Справа от стола угрюмо чернело холодное жерло камина. На каменной стойке пылились бронзовые часы с черным зодиакальным циферблатом, хрустальная вазочка с сухими бессмертниками и фото, запечатлевшее молодую улыбающуюся пару. Люсин решил, что на фотографии засняты Аркадий Викторович и его покойная жена.

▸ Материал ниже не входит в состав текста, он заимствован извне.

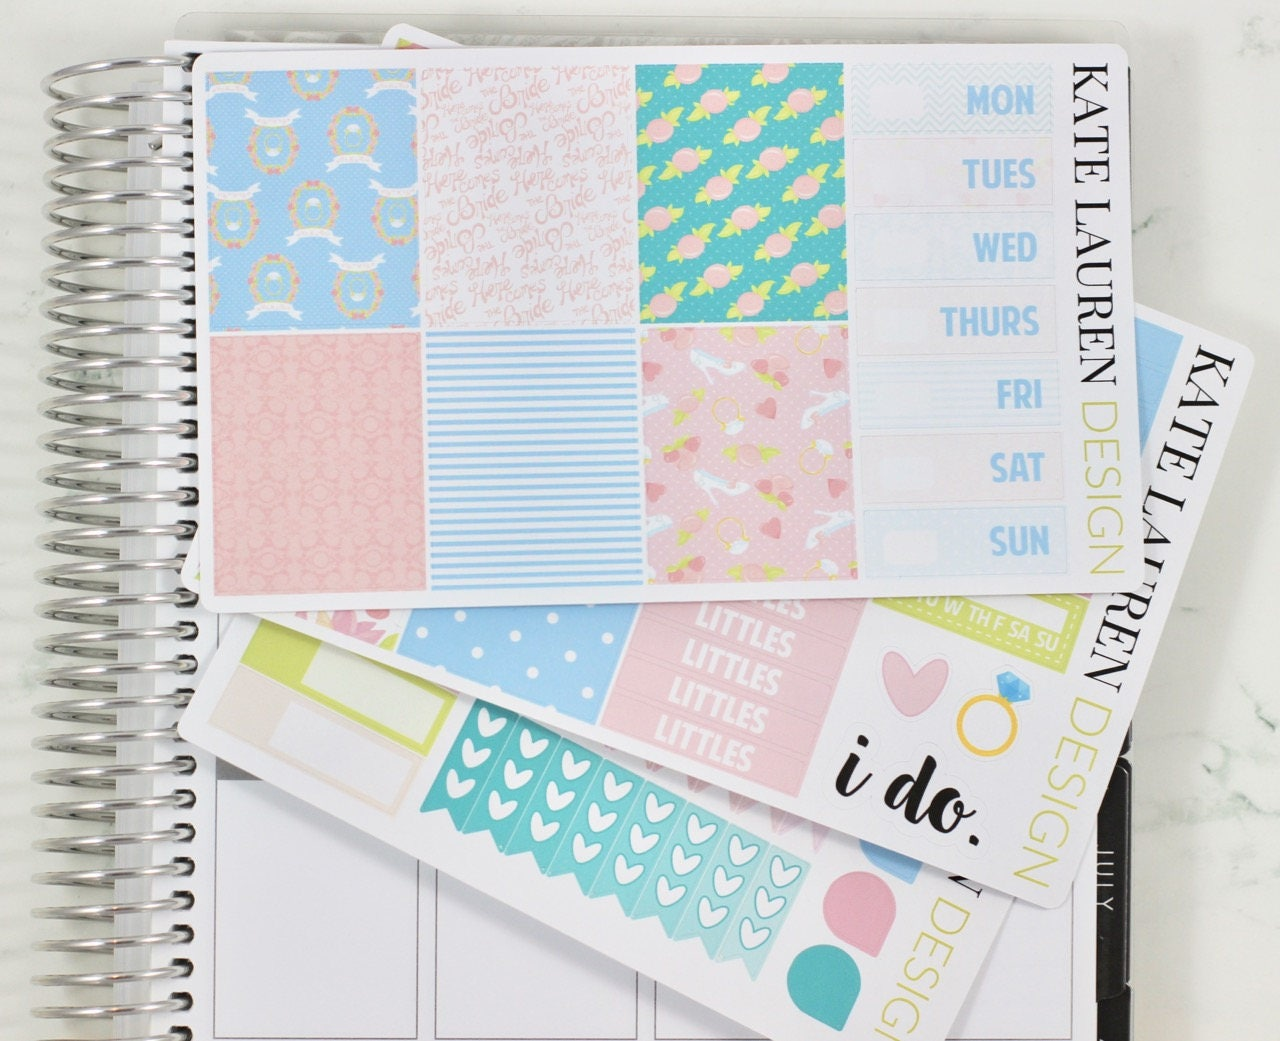 Erin Condren Wedding Planner.Wedding Planner Stickers Wedding Kit For The Erin Condren Life Planner Vertical Wedding Planner Kit Wedding Sticker Kit
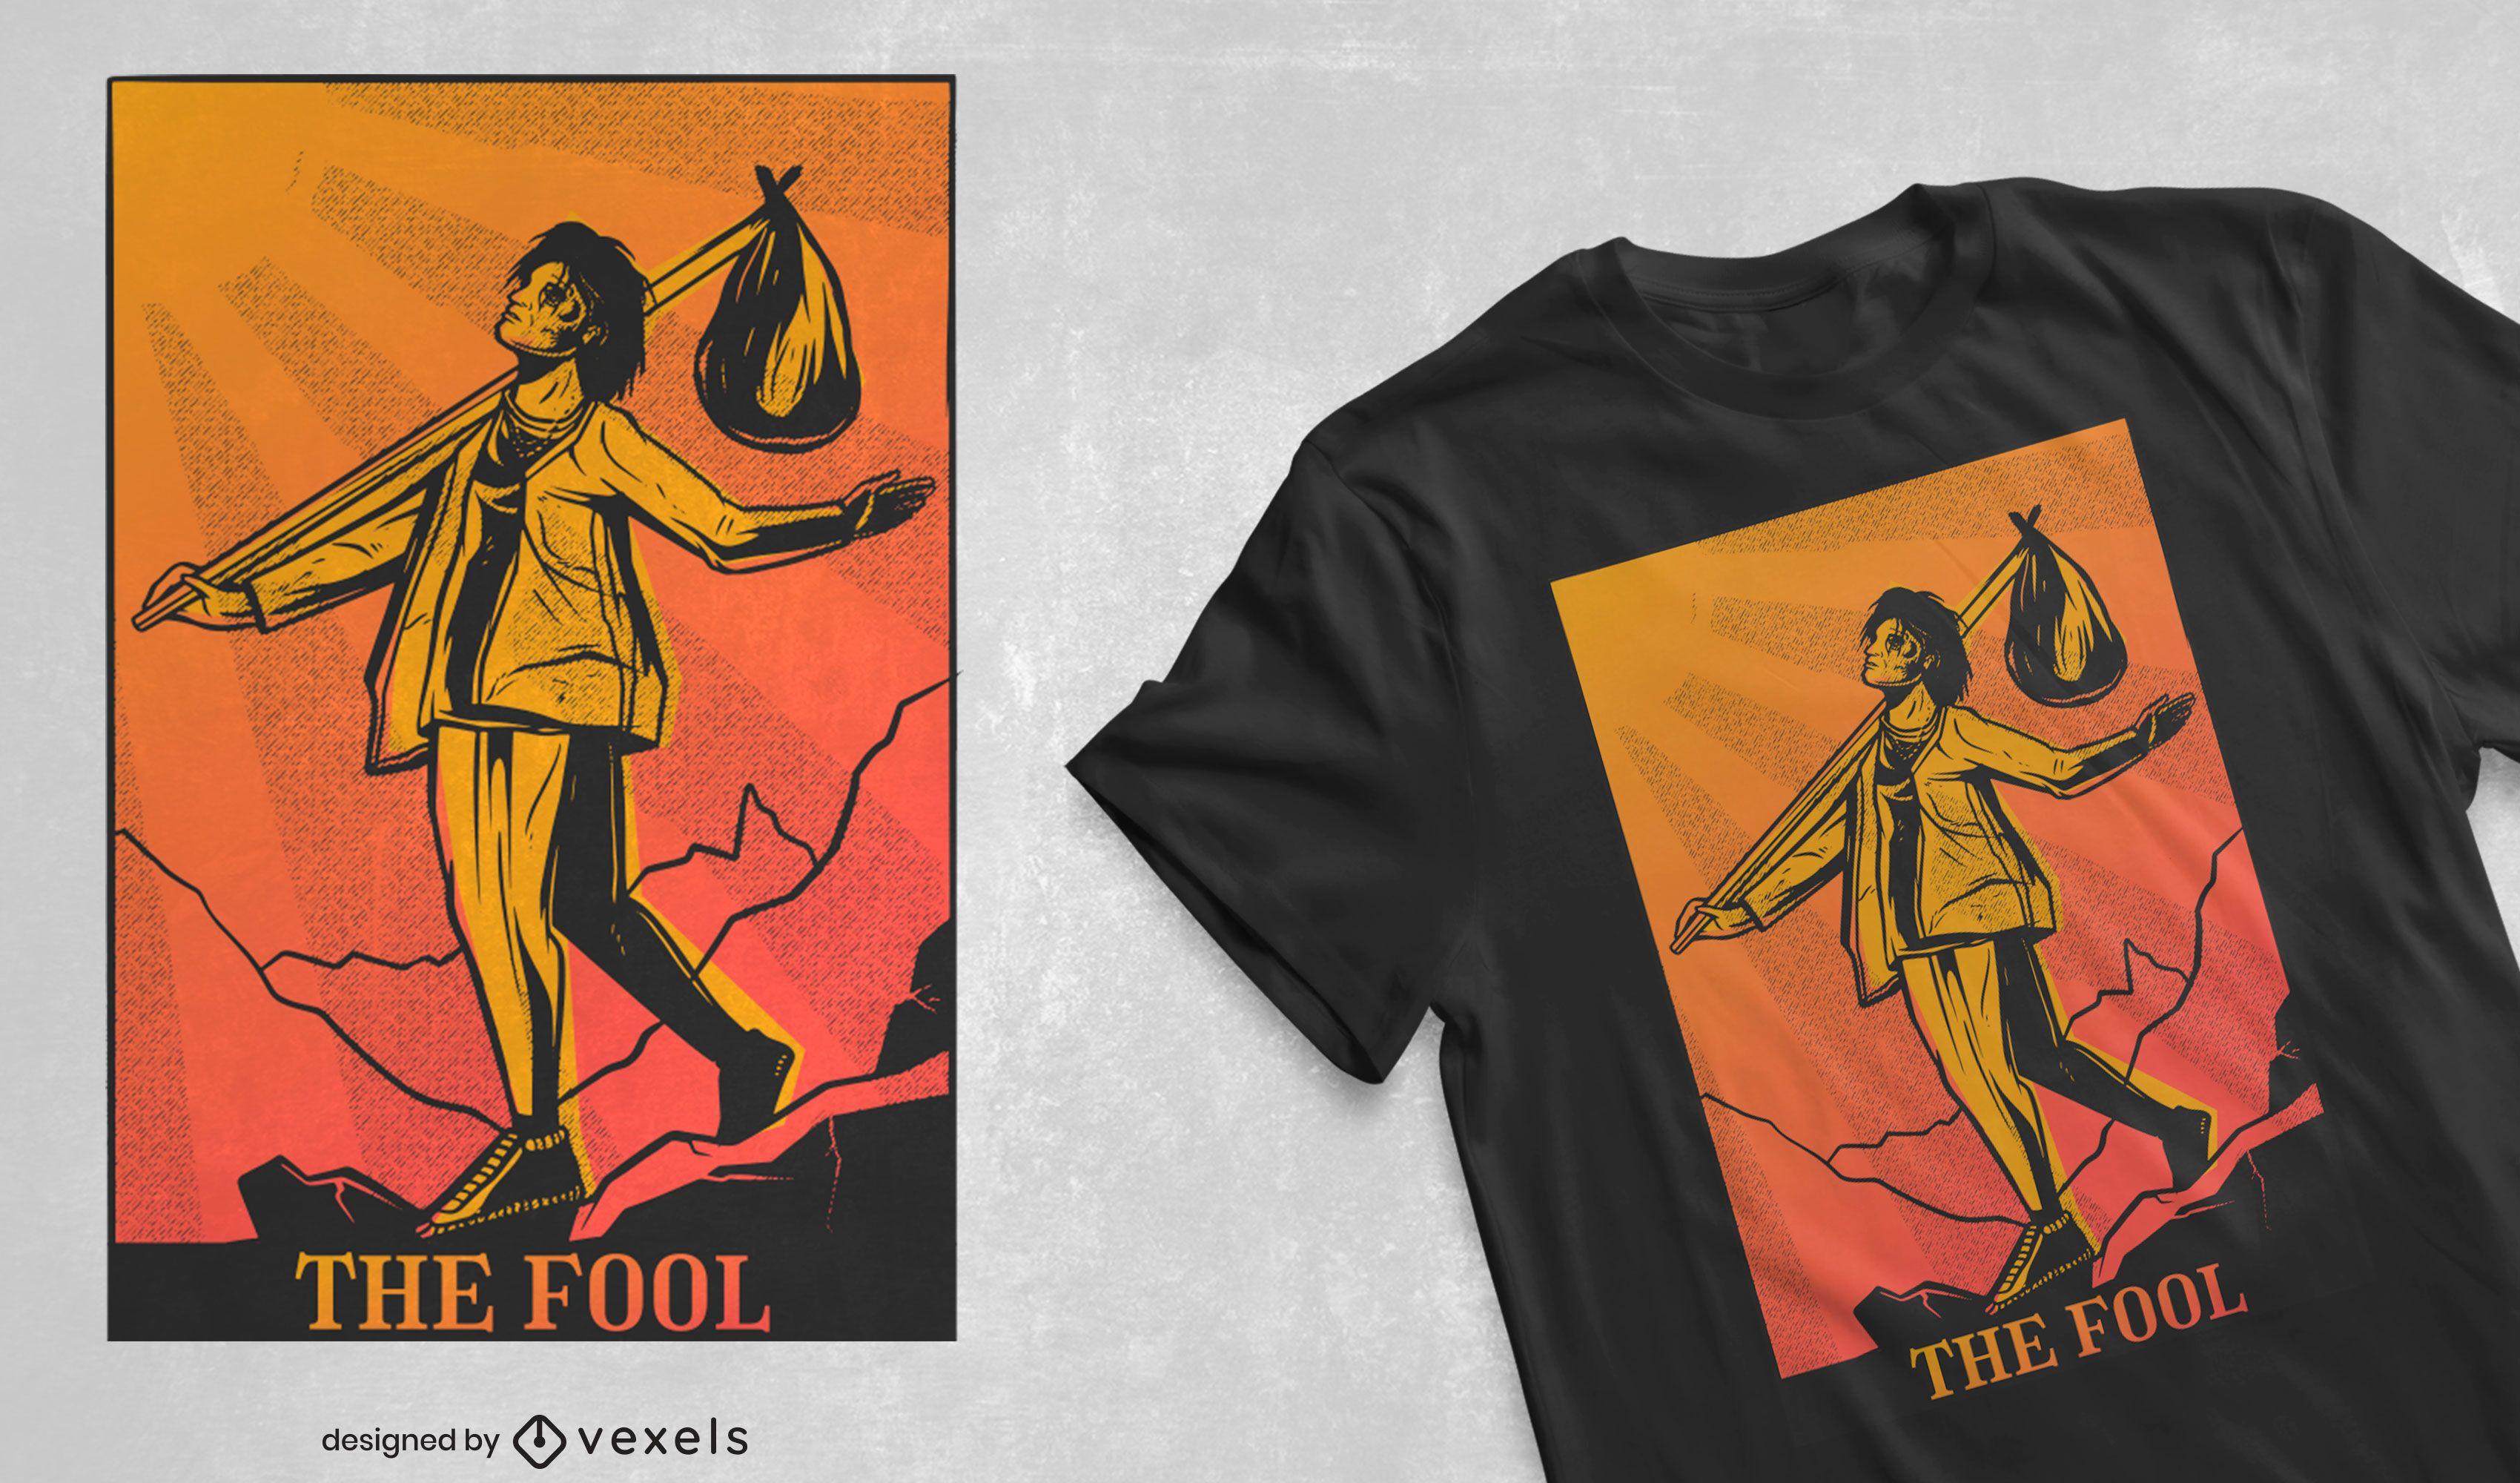 El diseño de la camiseta de la carta del tarot tonto

Еще в кабинете стояла вытертая бархатная кушетка, на которой лежали вышитые болгарским крестом подушечки. Над кушеткой висела картина в тонкой золотой раме. Она изображала странный зеленый ландшафт, неправдоподобные розовые облака и стоящего на цветке человека с равнодушной, бесстрастной улыбкой. Люсин заинтересовался картиной и подошел поближе. Улыбающийся человек (лицо золотое, одежды красные, волосы как синяя башенка) левую руку вверх поднимал, а правой в землю указывал. В поднятой к луне и солнцу руке была у него цветущая ветка, а в опущенной долу – чудный, алые лучи испускающий самоцвет. Ничего подобного Люсин в жизни не видывал, но что-то шепнуло ему: Будда. И он даже не усомнился, что перед ним именно Гаэтама Будда. А там и память заработала – прочитанное припомнилось, и догадался Люсин, что стоит Будда на священном лотосе.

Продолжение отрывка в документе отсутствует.